Trial Period and Implementation
- 6-Month Trial:
- Implement the adjusted distribution model for a 6-month trial period: 50% to LPs, 25% to the Burn Account, 25% to Bakers
- The proposed duration period of this trial is intended to align with the initial trial period of Liquidity Baking itself (from the Granada proposal)
- Monitoring and Metrics:
- Evaluate the impact on transaction volumes, burn mechanism effectiveness, and baker engagement during the trial period.
- Collect feedback from ecosystem stakeholders to assess the effectiveness of the new model.
- Potential Adjustments Post-Trial:
- Based on the trial’s outcomes, the fee distribution can be adjusted, extended, or made permanent with refinements informed by data and community feedback.
Conclusion
The proposed 50-25-25 fee distribution model directly addresses Liquidity Baking’s key challenges by aligning the incentives of Liquidity Providers, bakers, and the broader ecosystem. By introducing direct rewards for bakers, this adjustment ensures their active support, transforming them into advocates for LB and driving increased transaction volume. The resulting growth in activity strengthens the burn mechanism’s ability to offset the subsidy, mitigating a primary concern for the network.

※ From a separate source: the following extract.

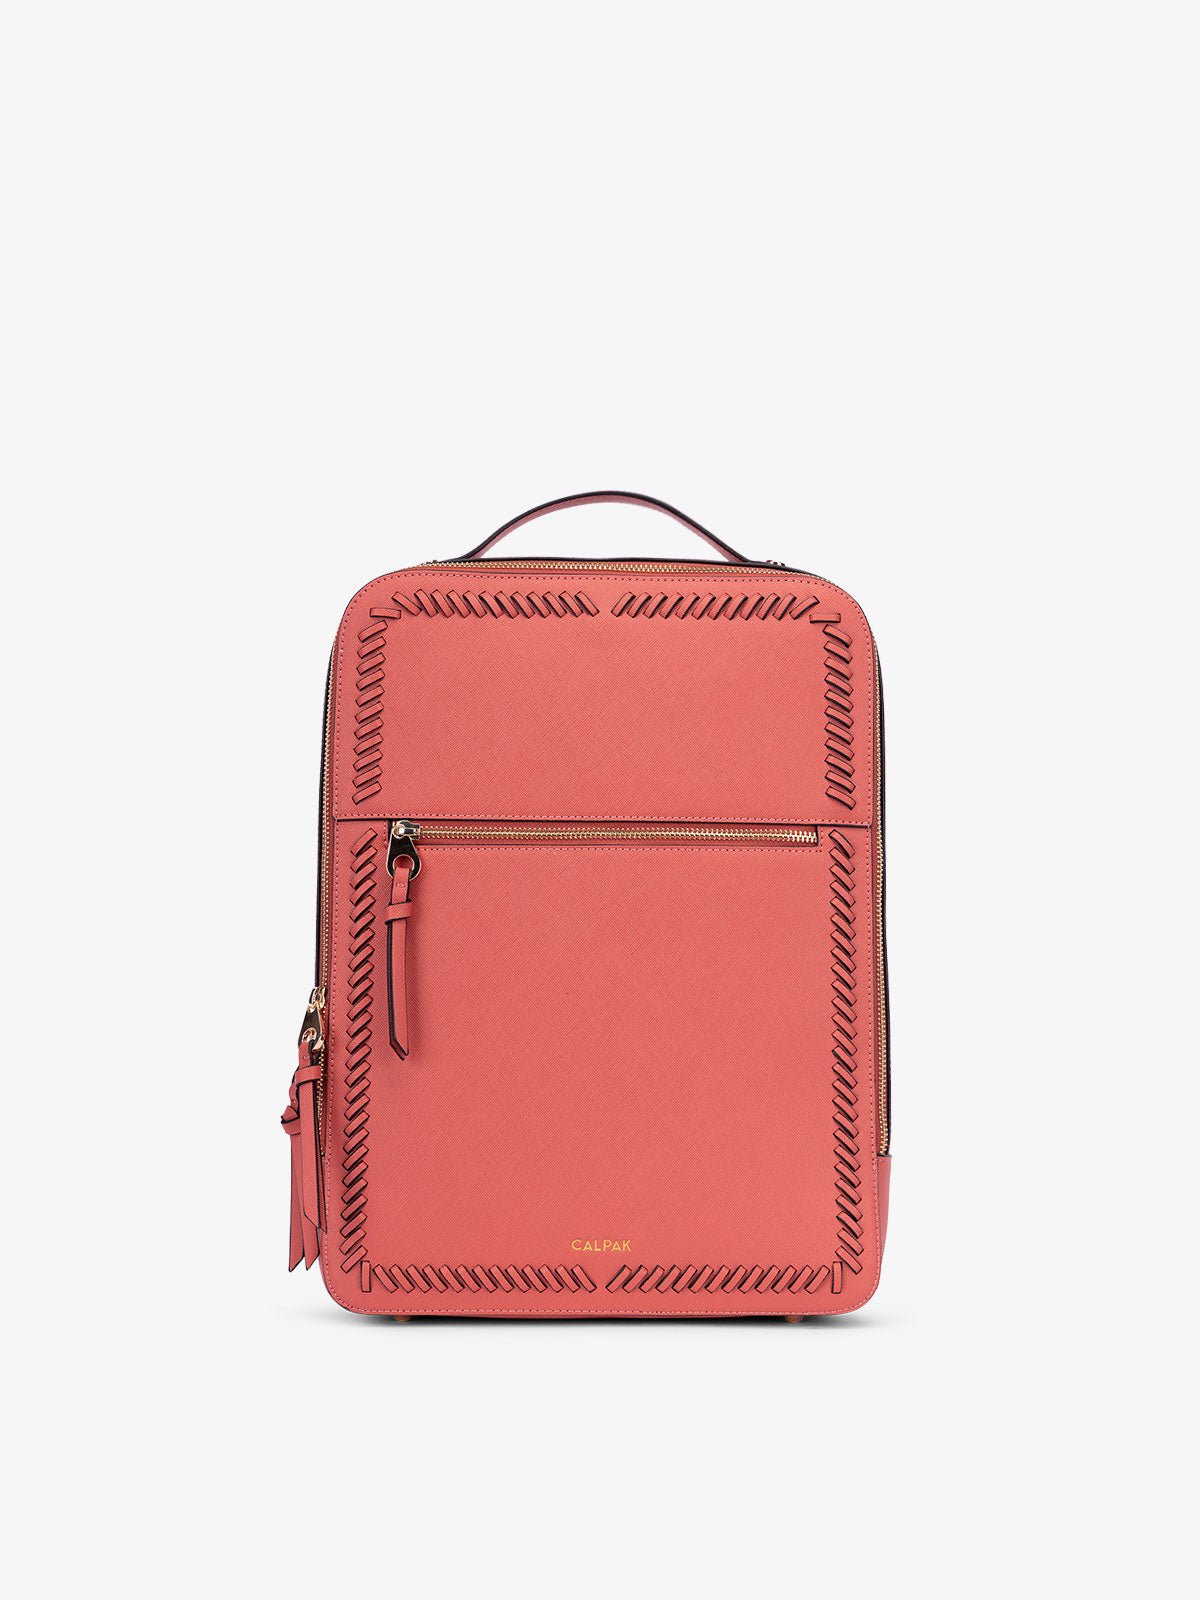 CALPAK Kaya Laptop Backpack for women in light red cranberry

The 6-month trial provides a focused opportunity to evaluate the impact of these changes, using data and community feedback to refine the model for long-term sustainability. With these adjustments, Liquidity Baking can evolve into a cornerstone liquidity mechanism for Tezos, fostering deeper intra-ecosystem synergies and enhancing its role in supporting XTZ as a store of value and driving growth across the network.
I’m excited to get your guys’ feedback, questions, or ideas to help refine this proposal and explore its potential!